NBA professional basketball team season

The 2020–21 Houston Rockets season was the 54th season of the franchise in the National Basketball Association (NBA), their 50th anniversary season in the Houston area in Texas since the team franchise relocated from the San Diego area in California and their 4th season under owner Tilman Fertitta.
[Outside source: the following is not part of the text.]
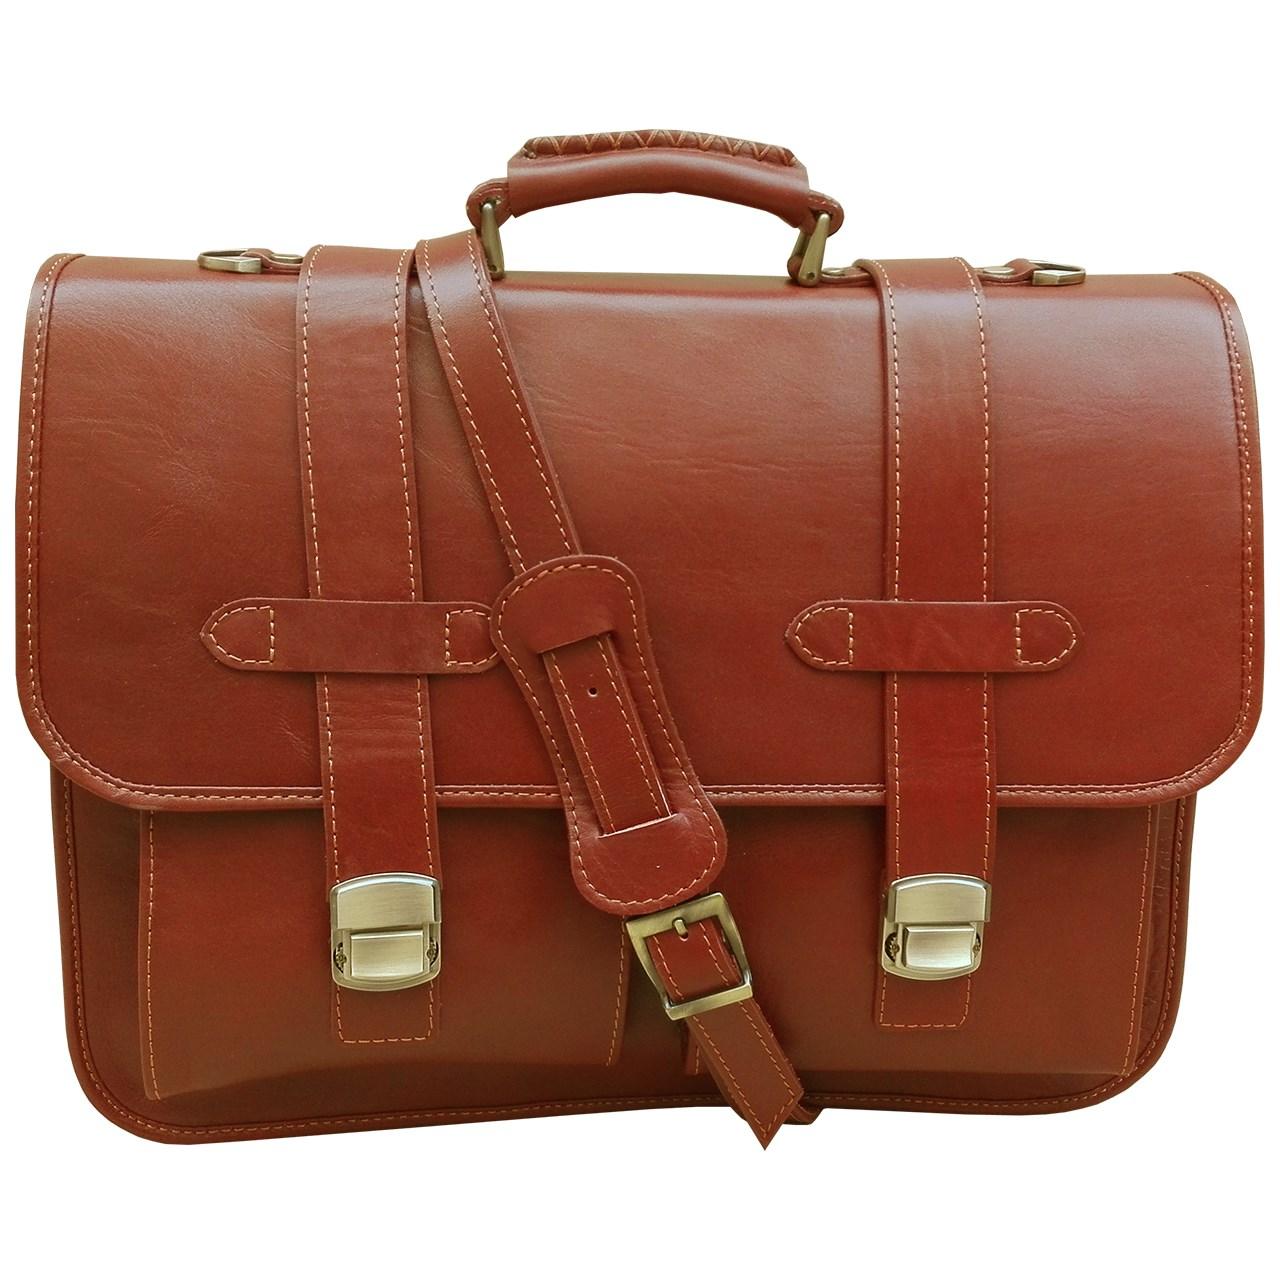 کیف چرم طبیعی دیاکو مدل 126
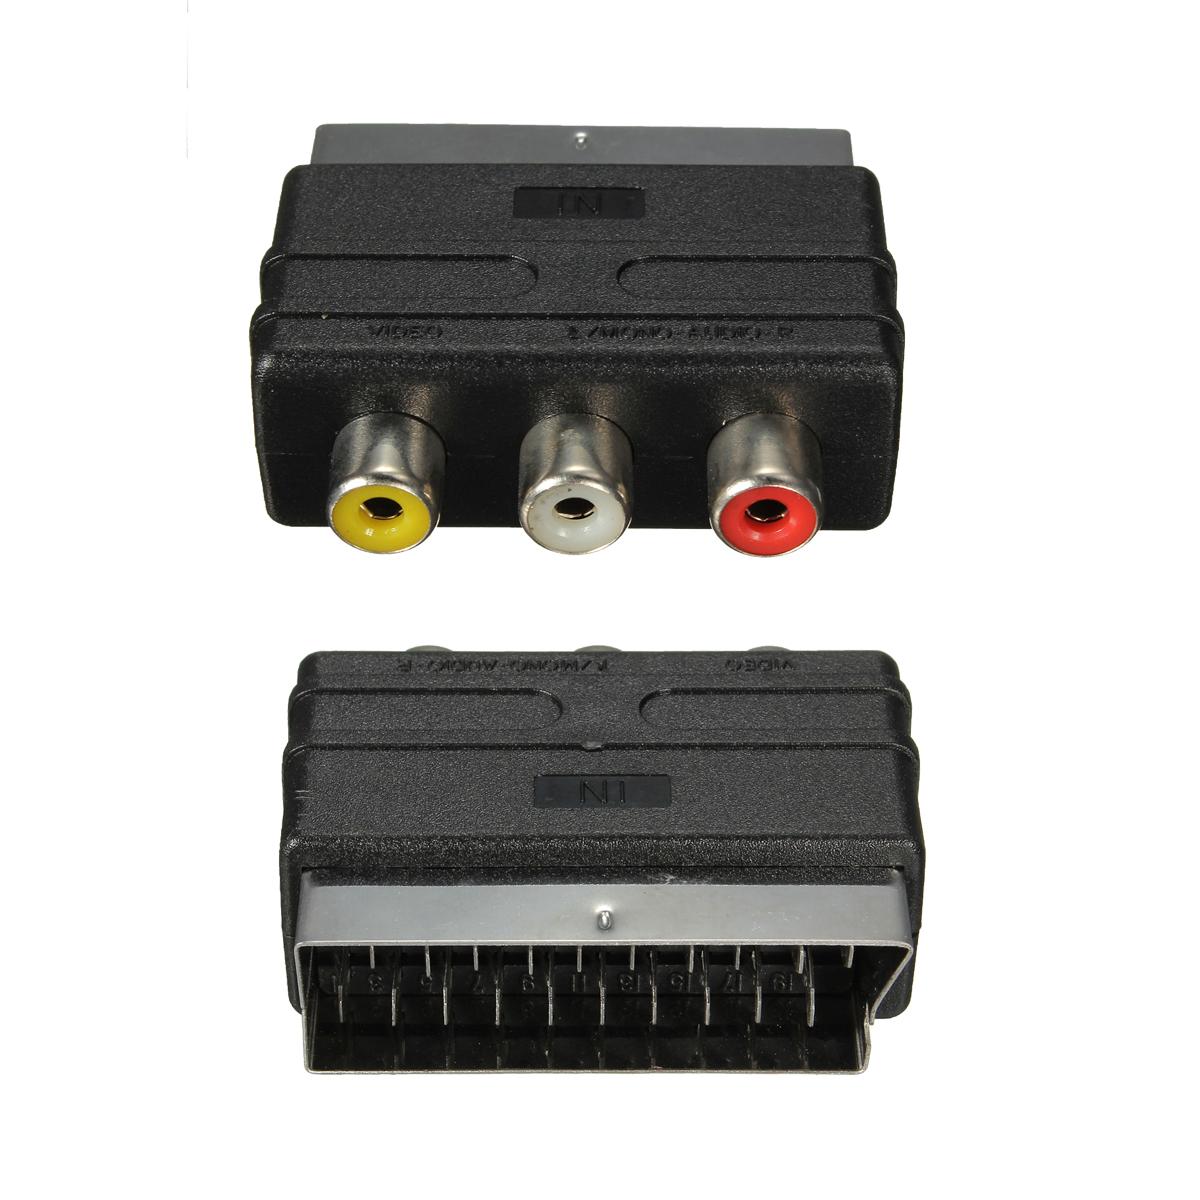 audio video av adapter cinch kabel hdmi stecker auf 3 rca f r hdtv 1080p ebay. Black Bedroom Furniture Sets. Home Design Ideas

On September 13, Mike D'Antoni informed the Rockets that he would not return as head coach after coaching the team for four seasons. On October 30, the Rockets hired Stephen Silas as their new head coach. On October 15, Daryl Morey resigned from his position as general manager after thirteen years and Rafael Stone was named as his replacement. For the first time since 2011–12, James Harden was not on the roster as he was traded to the Brooklyn Nets in a four-team deal; this reunited him with former Oklahoma City Thunder teammate Kevin Durant for the first time since the 2011–12 season.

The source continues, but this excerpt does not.